Description of the task: Please copy the records exactly as they appear, with all pictures left out.

[Records from a collection]
Content starts

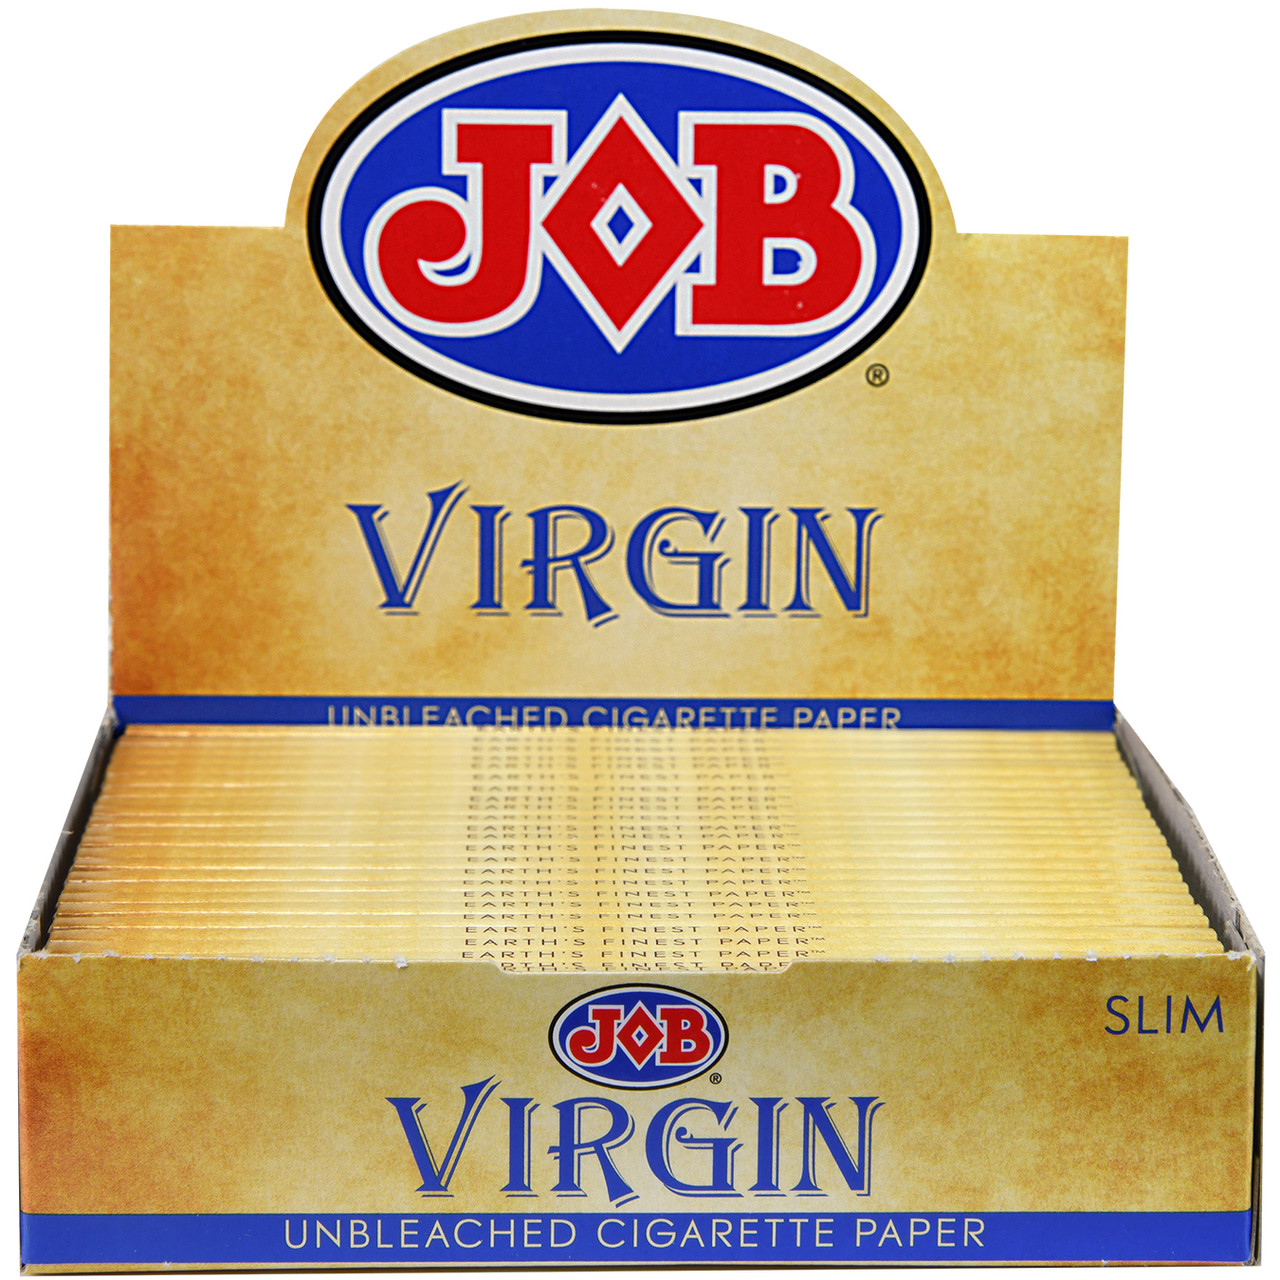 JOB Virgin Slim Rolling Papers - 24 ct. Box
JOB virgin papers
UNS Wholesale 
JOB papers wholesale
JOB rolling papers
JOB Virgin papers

Content ends

Task solution:
 JOB Virgin Slim Rolling Papers - 24 ct. Box
JOB virgin papers
UNS Wholesale 
JOB papers wholesale
JOB rolling papers
JOB Virgin papers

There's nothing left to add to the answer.